By law we are not allowed to have a standard commission rate, however, generally speaking between 4% and 6% are the quotes you will get. Some offer less than that, and some relate the fee to the size of the deal. It is up to the salesperson to explain to you why he/she charges a higher rate than others. I have found that if one gets a good result in a timely manner that most clients are happy to pay whatever the agreed amount is. Commercial sales and leasing rates are different and can fluctuate wildly. Once again, it relates to the level of service.
Finding a tenant can be a challenge in today's market. You may want to try to find a tenant on your own by street signage and advertising, in print and on the Internet, or you may want the help of a professional leasing agent. If you don't want to list your property with a commercial agent, sometimes just making them aware that your space is available is a good enough place to start.

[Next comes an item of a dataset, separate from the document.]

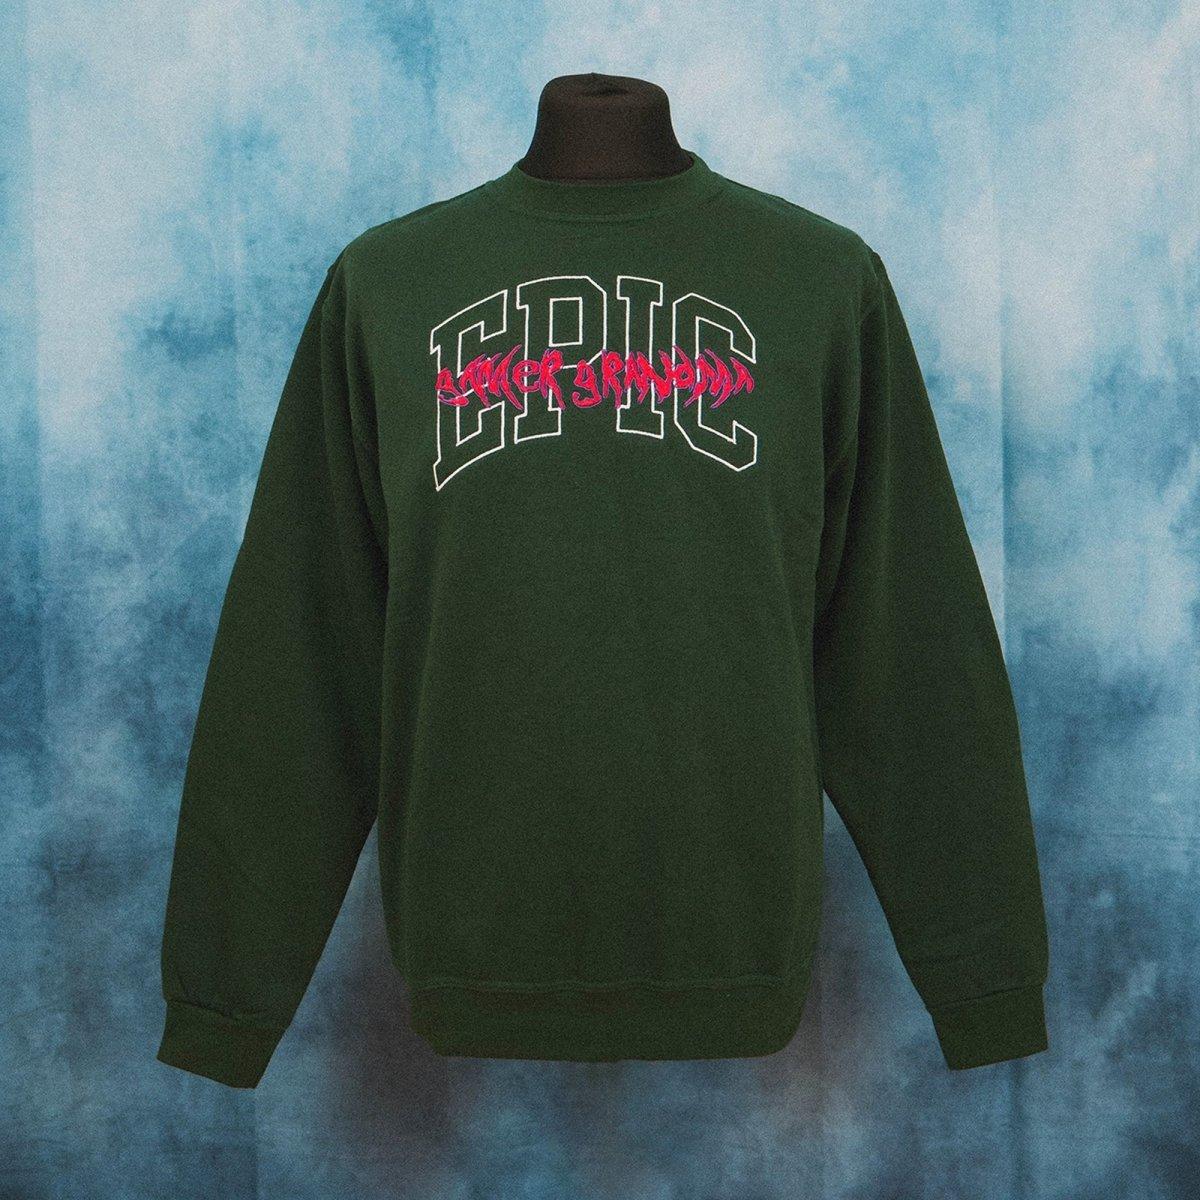 Epic Gamer Grandma - College Dark Green Unisex Embroidered Sweater

You can establish what their fee would be in the event they find a tenant for you. If you opt to list your property, they take over the marketing of your space which can save you a lot of time, energy and frustration. They will also look after negotiating the offer to lease as well as all the details necessary for the new tenant. Commercial leasing agents deal with leasing prospects on a daily basis so they are more likely to come across a potential tenant for your space.
If your property is a multi-unit, it is best to have it full of tenants and receiving maximum rent when selling. Given the buyer will be purchasing it as an income property, the value is largely determined by the rental income.

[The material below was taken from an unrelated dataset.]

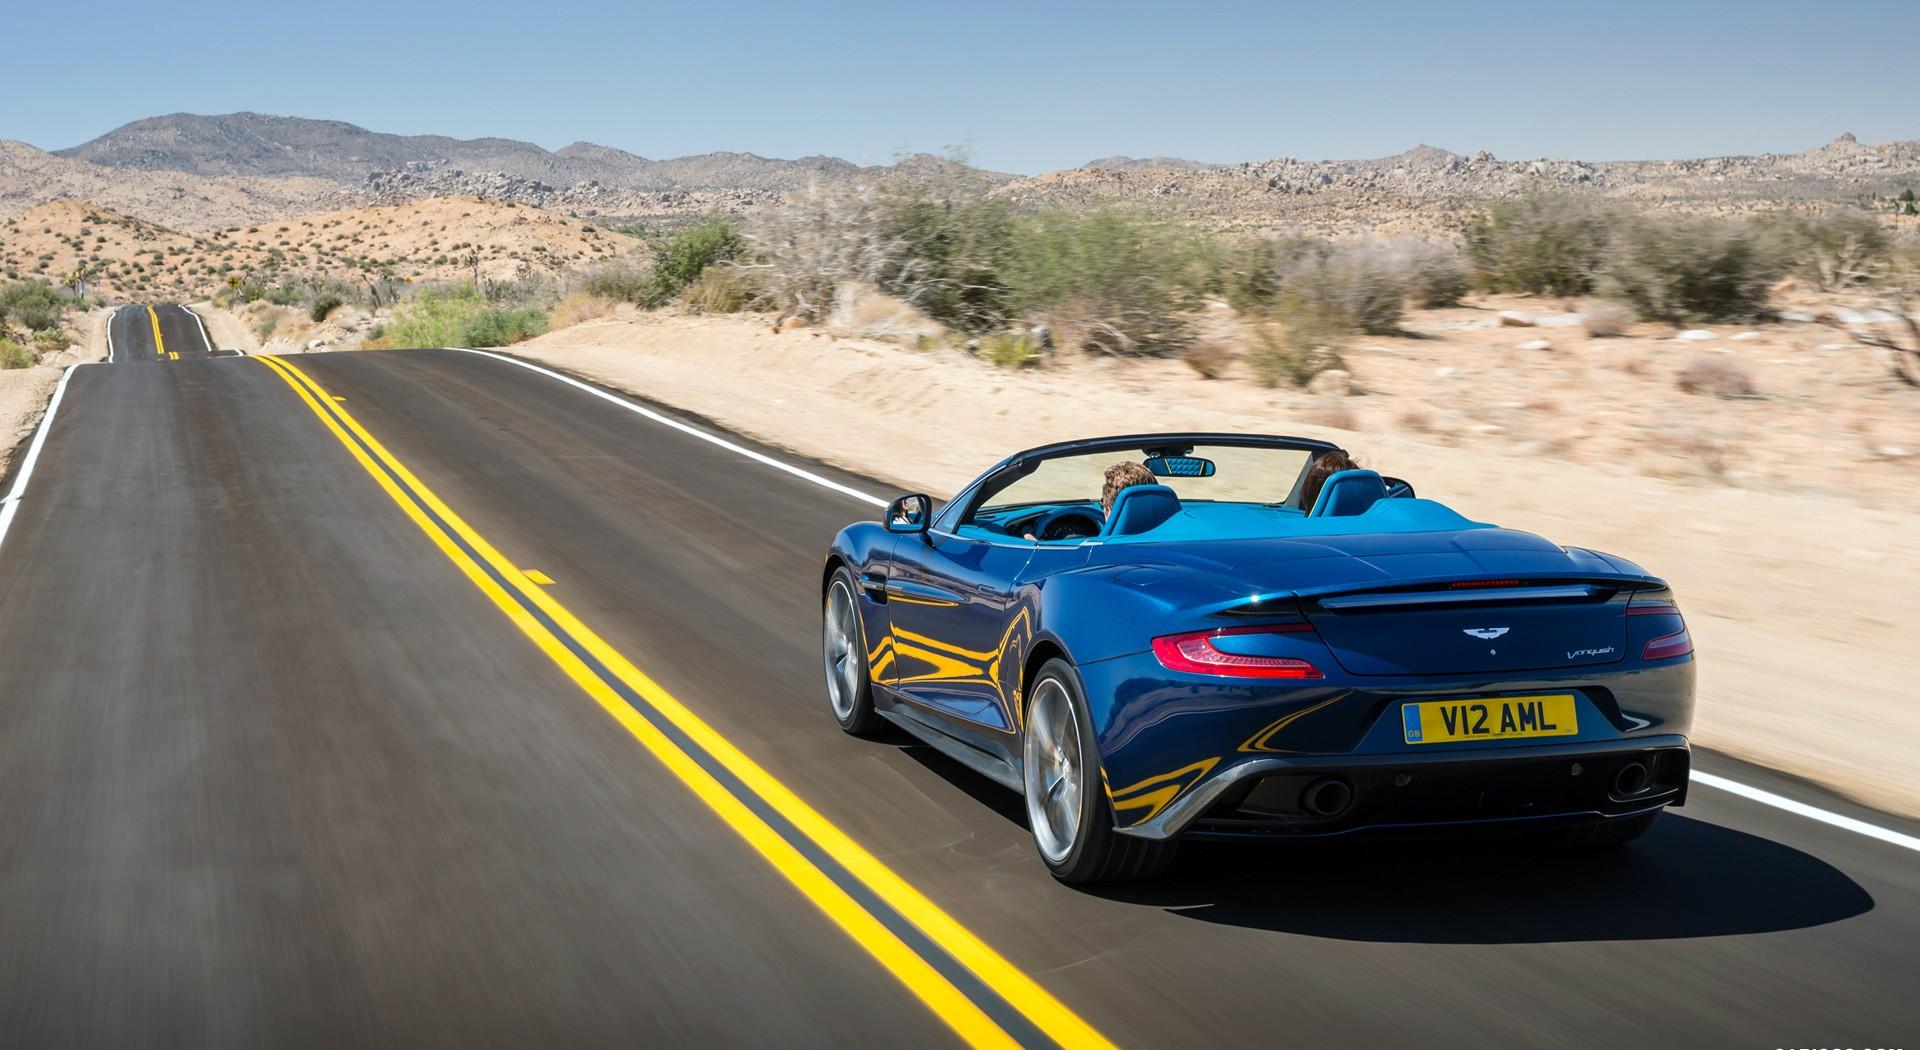 Aston Martin Vanquish splendid

If you have a single family home or duplex, the buyer may intend to move in to the house. In this case it is important to consider your existing tenants and their needs. The buyer will still be obligated to honour the terms of their lease.
If you are aware you will be selling within the next year, you may want to consider month-to-month leases. This will give you the flexibility to end a lease agreement with 30 days’ notice to the tenant, should your buyer want to move in immediately upon close.
~~If you want to put less than 20% down on a property, your mortgage will need to be insured. If you have an insured mortgage already, it is likely you will need 20% down plus your closing costs (budget for 2% of the purchase price) to purchase an investment property. Investment property that needs work to be rentable will require an additional investment. However, there are options to have this money incorporated into your mortgage financing, speak to your bank or mortgage broker. If you are looking to invest in property and don’t own a home already, this is a great opportunity to enter the property market with fewer dollars down by getting a high ratio mortgage (less than 20% down). Note, these are only your initial investment costs. A good investment property should bring enough income to cover expenses going forward. Whether or not you can afford this amount to invest up-front is something to consider carefully.
A buyer will usually include a deposit with an offer to indicate a serious interest in the property. The deposit is part of the purchase price and is an act of good faith. It is a negotiable part of an offer. The deposit is refundable if conditions set out in the Purchase and Sale Agreement cannot be satisfied. Once conditions are met, the property is declared sold and the deposit will be kept in a trust account until closing, but could be kept by the seller if the buyer is unable to fulfil his obligation to purchase on the agreed closing date.